I'm using Direct3D. I just shut off all unnecessary programs and tested it some more. Actually this time I ran it, it was not in fullscreen mode. The framerate stayed at about 86-88 and dropped after 4 mins 40 seconds to the 30's. I waited for the app to run 20 minutes and the framerate didn't go back up. I'm baffled...
........................Leo LeeSoftware Engineerhttp://www.leolees.com
Can you tell
nVidia Cards usually reduce speed when they are getting too hot. Maybe working at 90fps is pushing the card too much... so it becomes slower for some time.

Just a guess...
Luck!
Guimo
Hmm.. maybe that's it. I have an ATI Radeon 9000, but yes my fan's definately working hard and my laptop's pretty hot to the touch. I did figure out the second problem. I had forgotten to turn off my profiler's "Instrumentation" option. So I believe that was what caused running outside of VS to be super slow, because now it runs fine outside. If I turned off my dial up internet connection too, now I get the framerate to drop to mid 80's when it's low. It's up at 99 when it's high, but I'm guessing if I turned off vsync it would be higher. So I haven't really solved it, but I can live with 80 fps =o) When I get a chance I'll test it on a different machine and see if it exhibits the same problem, then I can rest assure it's not something weird my program is doing.
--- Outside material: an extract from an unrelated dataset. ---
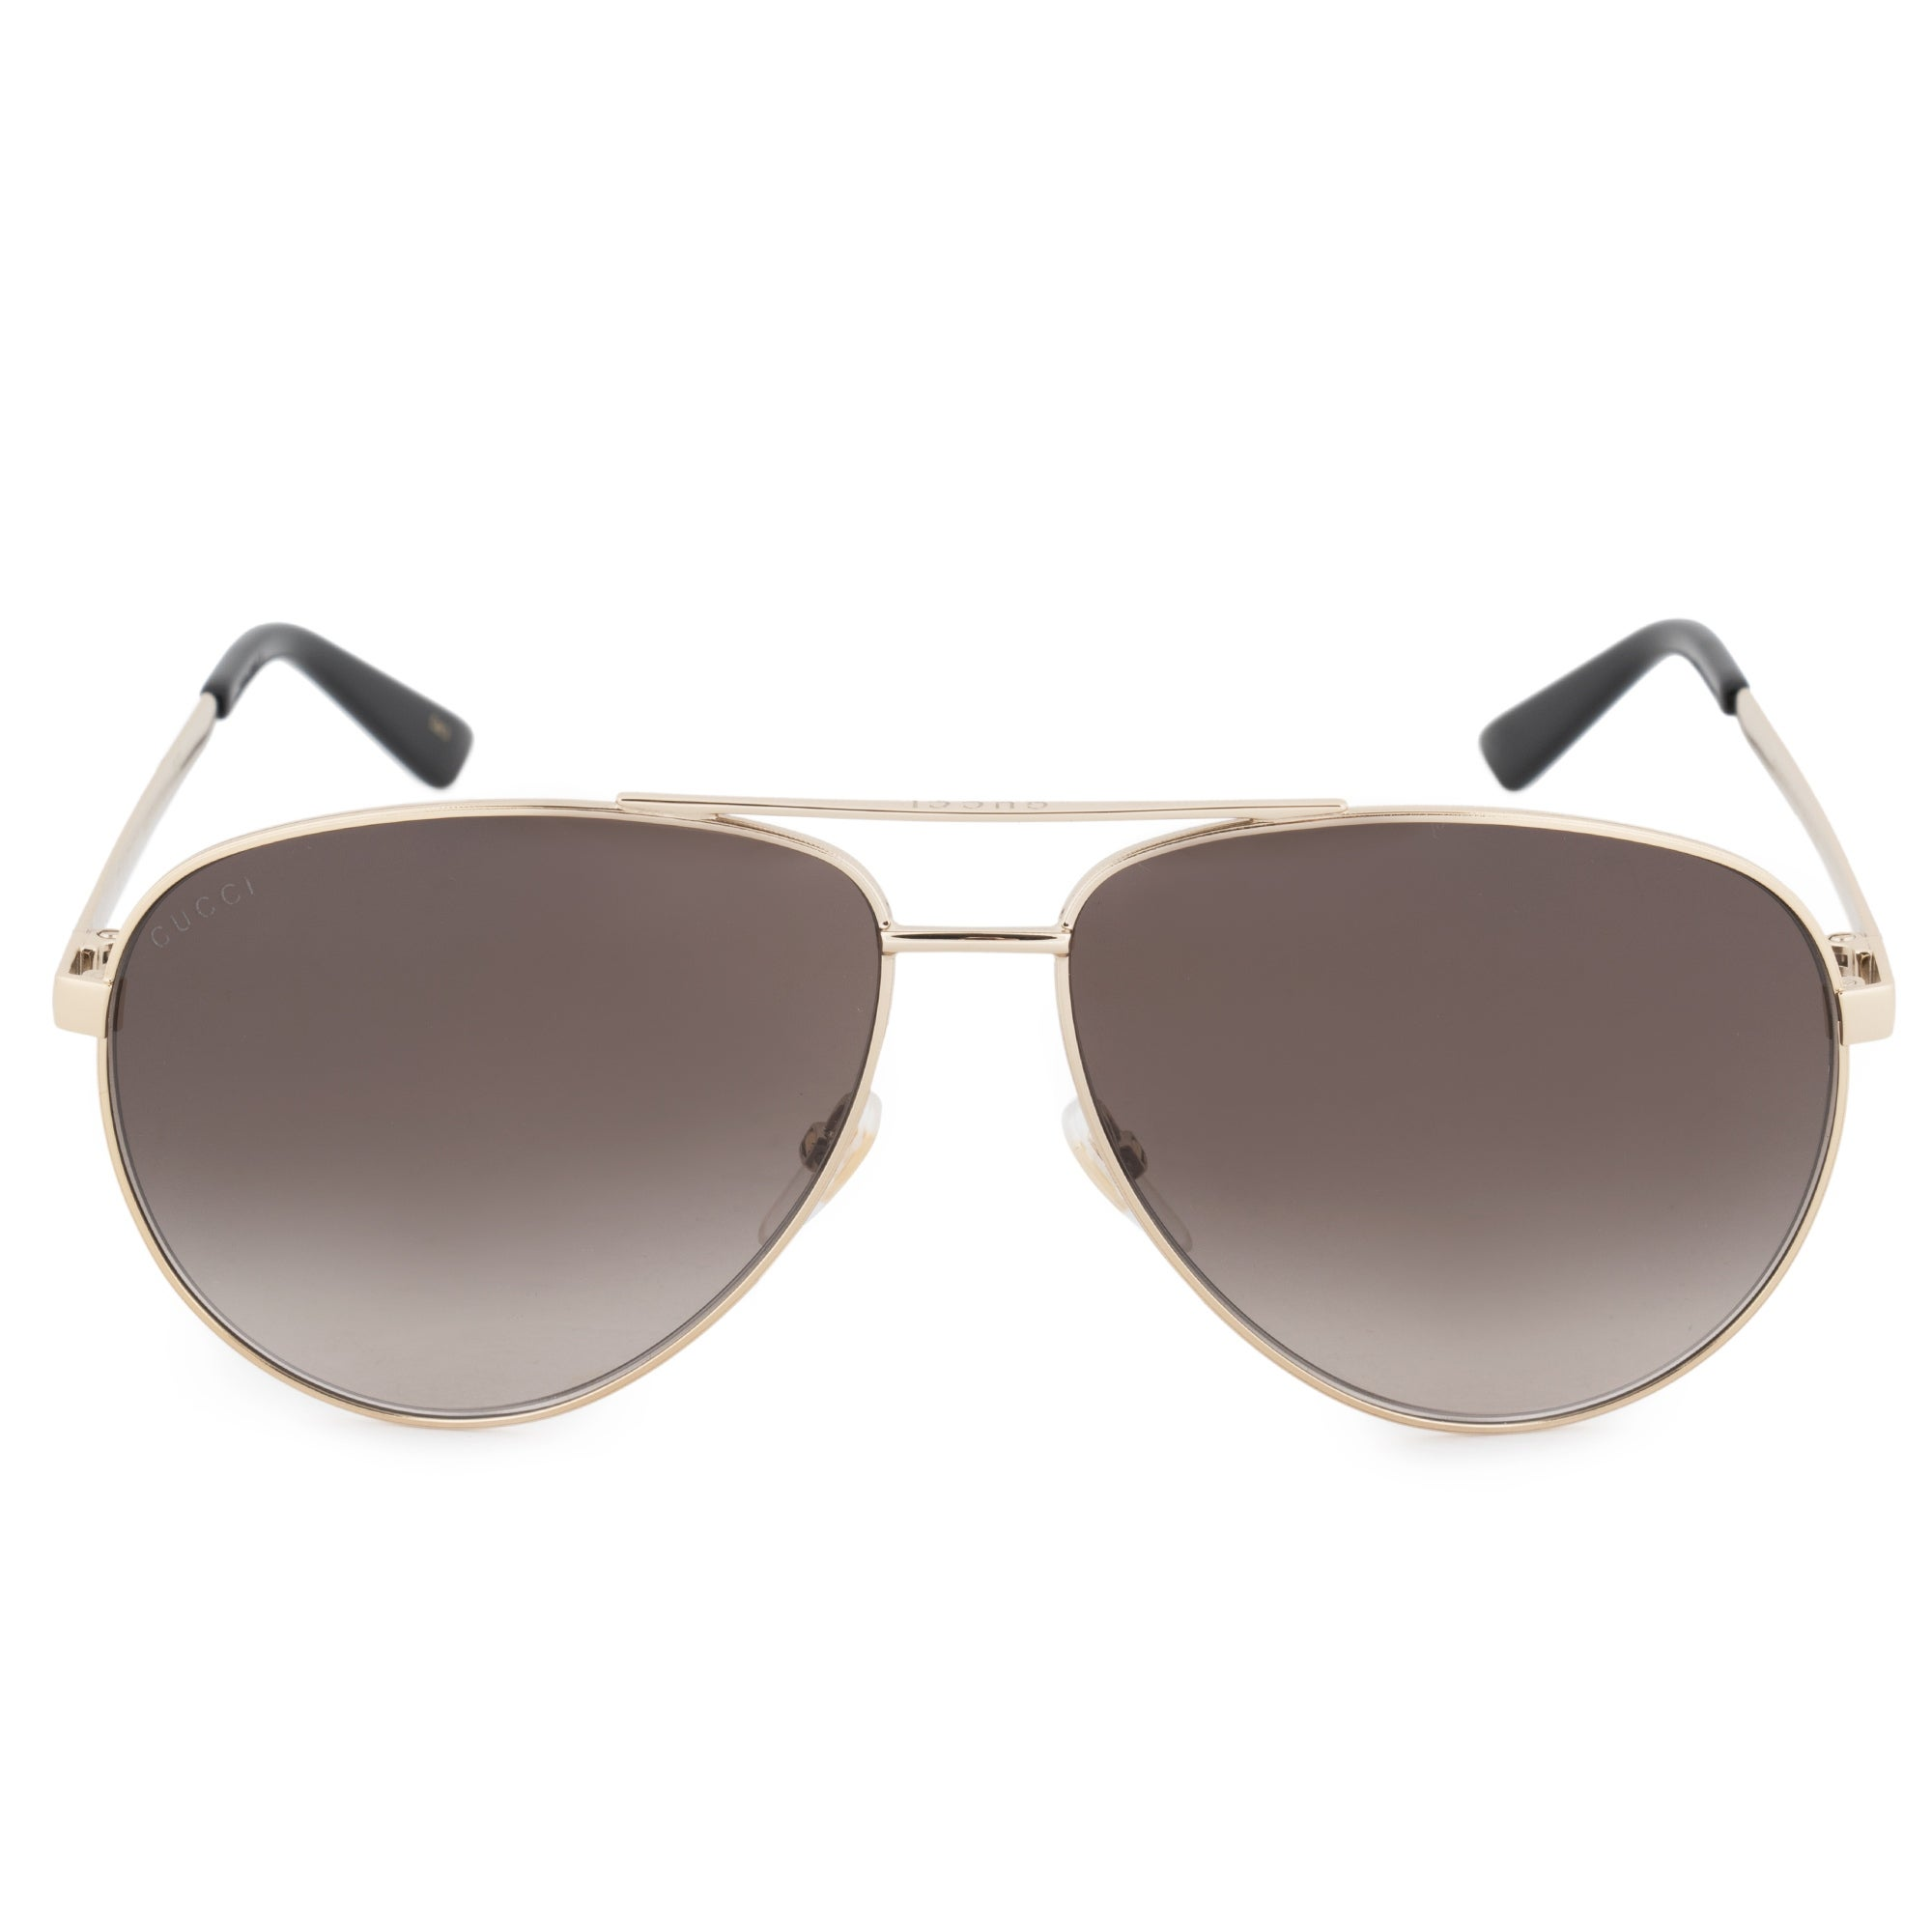 626a406a2 Shop Gucci Gucci Aviator Sunglasses GG0137S 001 61 - Free Shipping ...

Thanks to everyone for your help. I don't post in forums too much, but it's very reassuring to know there's a community so willing to help out.
........................Leo LeeSoftware Engineerhttp://www.leolees.com
Unless your leaking memory or something. *shruggs*
A memory leak was actually my first thought. But I'm pretty sure I don't have any, that DEBUG_NEW thing visual studios does isn't detecting any. Also, if it was a memory leak I would think that if I exited the program VS should clean up after me (at least in debug mode). I've even tried once to run it, wait for framerate drop, reboot my laptop and run it again. It'll stay at the same lower framerate even after I reboot.
Quote:Original post by Anonymous Poster
A memory leak was actually my first thought. But I'm pretty sure I don't have any, that DEBUG_NEW thing visual studios does isn't detecting any. Also, if it was a memory leak I would think that if I exited the program VS should clean up after me (at least in debug mode). I've even tried once to run it, wait for framerate drop, reboot my laptop and run it again. It'll stay at the same lower framerate even after I reboot.


In that case heat seems very likley. Heat is the only thing that really perserves across a restart. Especialy if you have disabled most other tasks.